◆ **Work instruction**
Nothing in the copy should be a picture; everything else in the listing is to be restated exactly.

◆ **Exercise data**
Start of Block

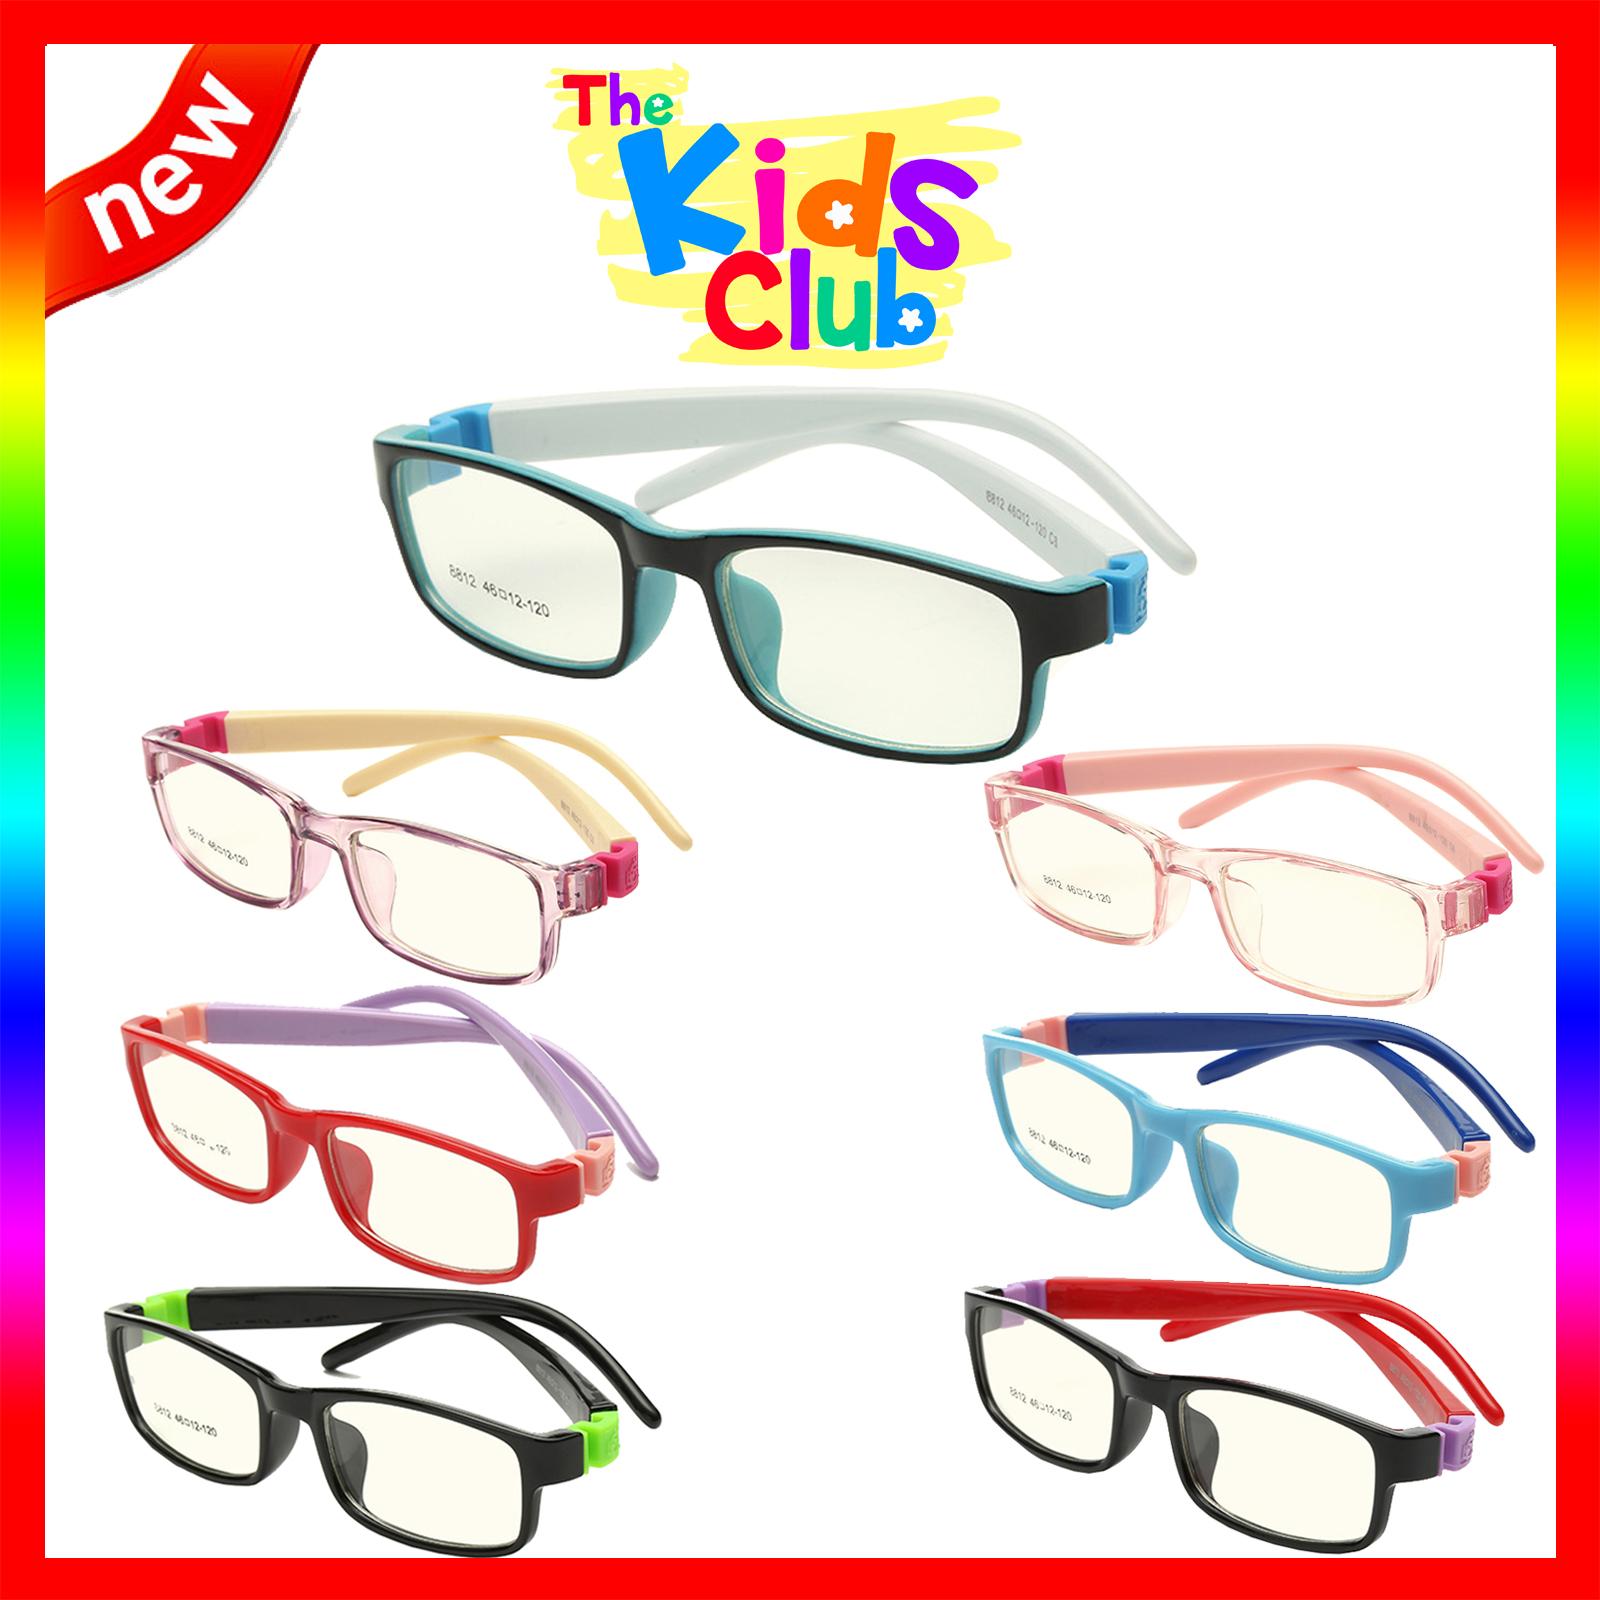 แว่นตาเกาหลีเด็ก Fashion Korea Children แว่นตาเด็ก รุ่น 8812 กรอบแว่นตาเด็ก Rectangle ทรงสี่เหลี่ยมผืนผ้า Eyeglass baby frame ( สำหรับตัดเลนส์ ) วัสดุ PC เบา ขาข้อต่อ Kid leg joints Plastic Grade A material Eyewear Top Glasses
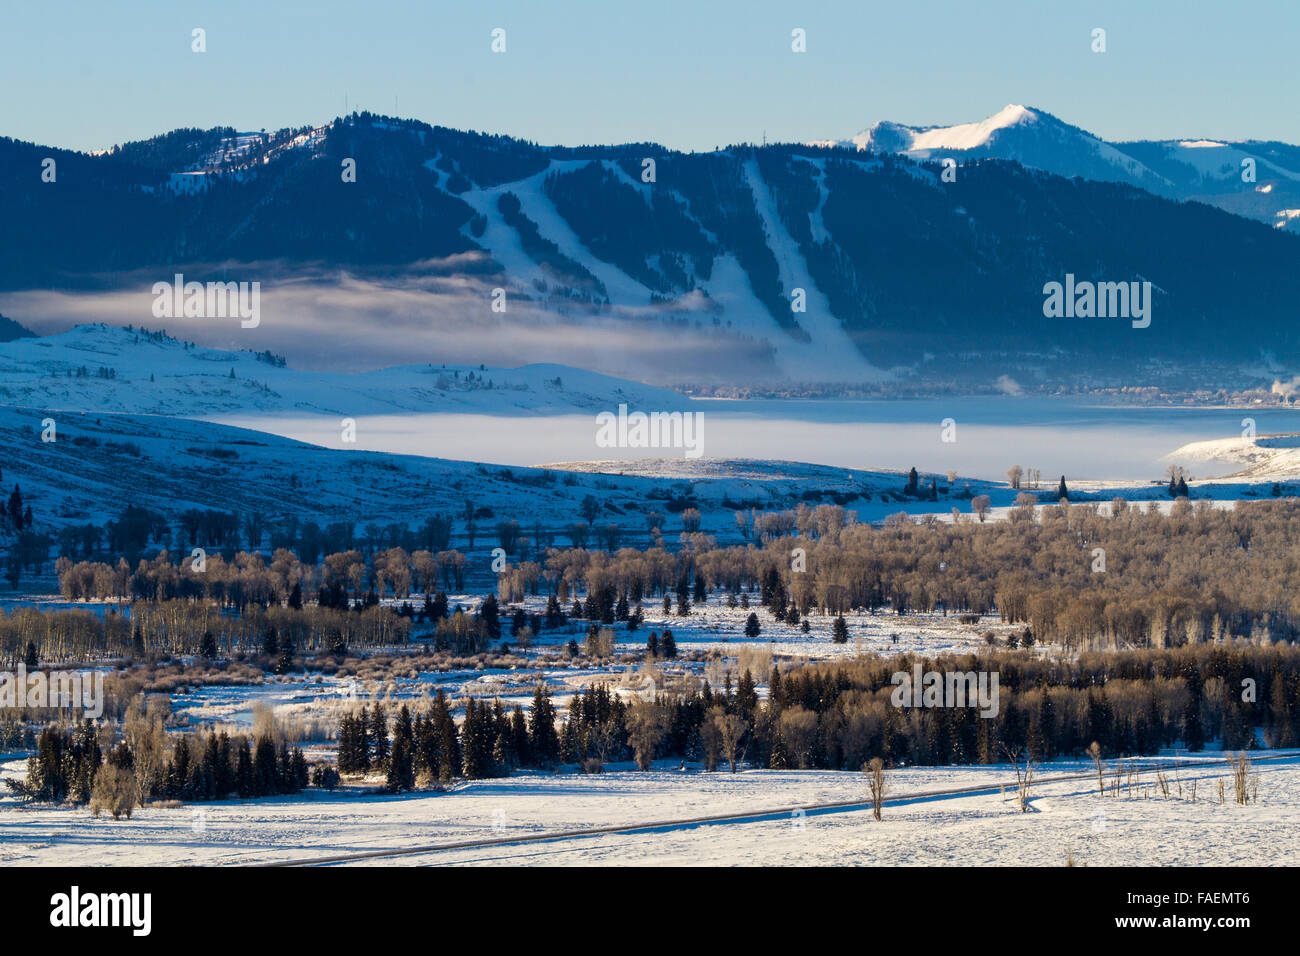 El rey de la Nieve Ski Resort dominando en Jackson, Wyoming y la National Elk refugio. Foto de stock
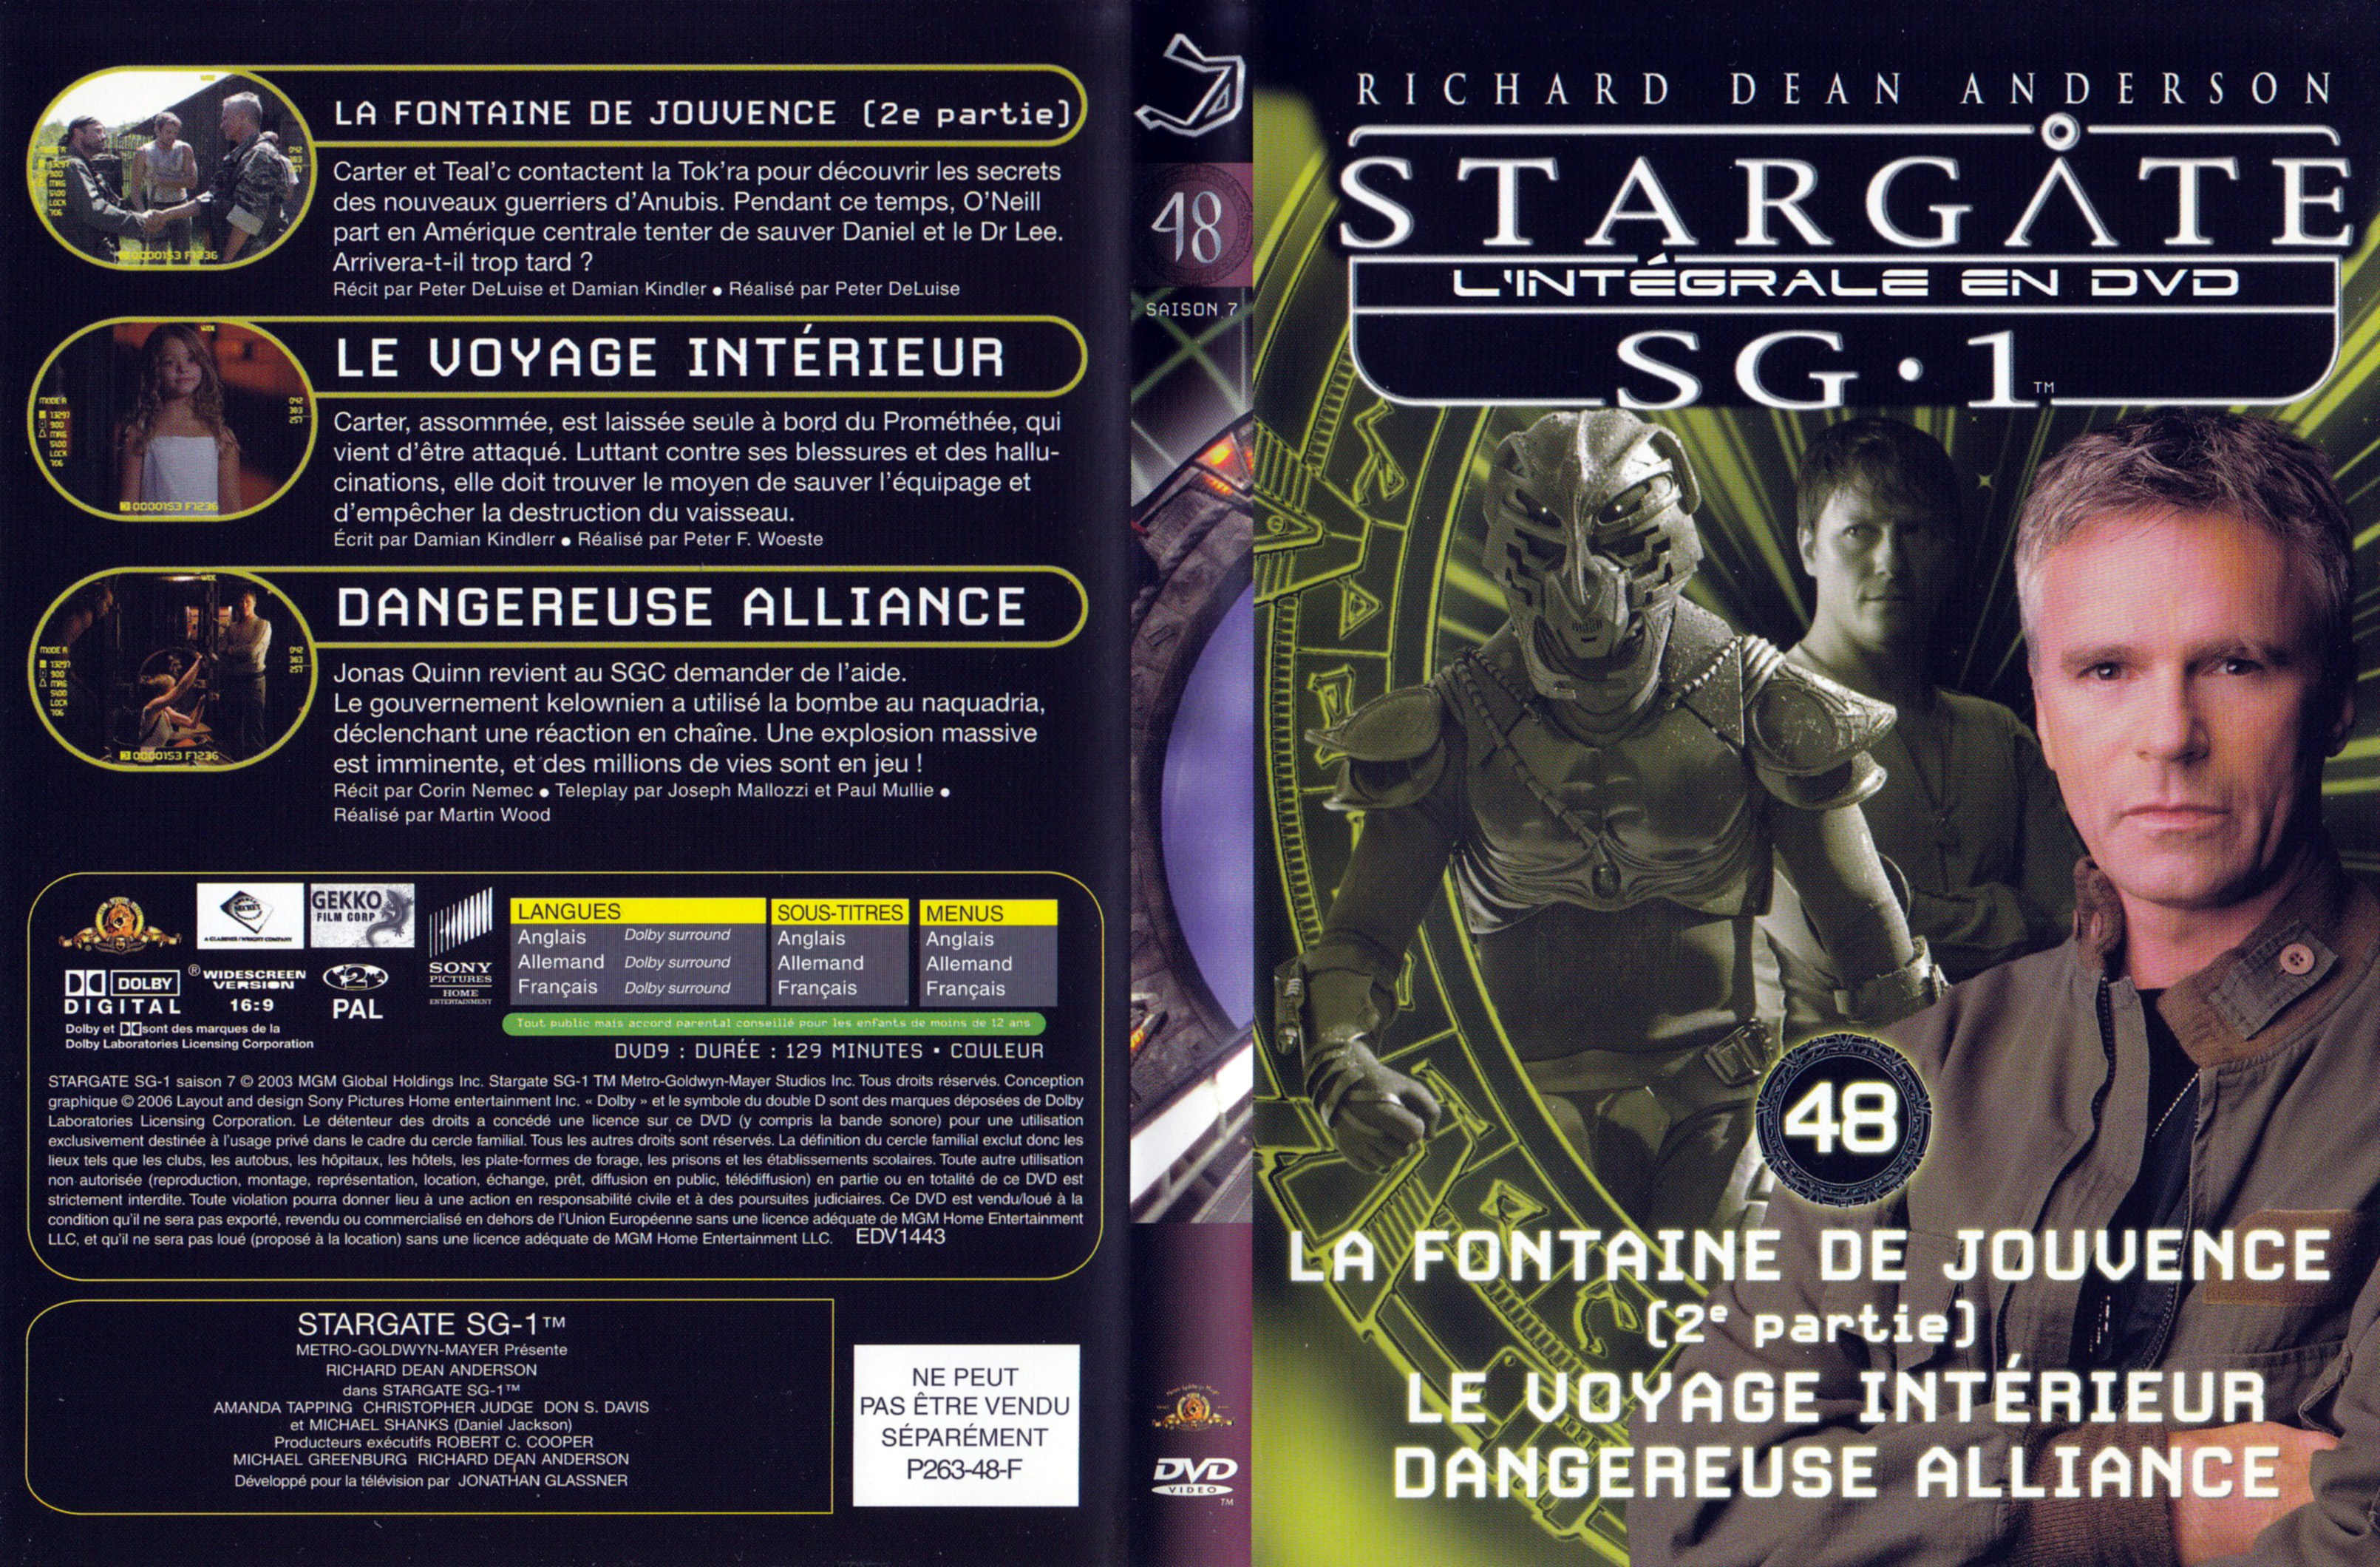 Jaquette DVD Stargate SG1 Intgrale Saison 7 vol 48

End of Block

◆ **The completed task**
 แว่นตาเกาหลีเด็ก Fashion Korea Children แว่นตาเด็ก รุ่น 8812 กรอบแว่นตาเด็ก Rectangle ทรงสี่เหลี่ยมผืนผ้า Eyeglass baby frame ( สำหรับตัดเลนส์ ) วัสดุ PC เบา ขาข้อต่อ Kid leg joints Plastic Grade A material Eyewear Top Glasses
 El rey de la Nieve Ski Resort dominando en Jackson, Wyoming y la National Elk refugio. Foto de stock
 Jaquette DVD Stargate SG1 Intgrale Saison 7 vol 48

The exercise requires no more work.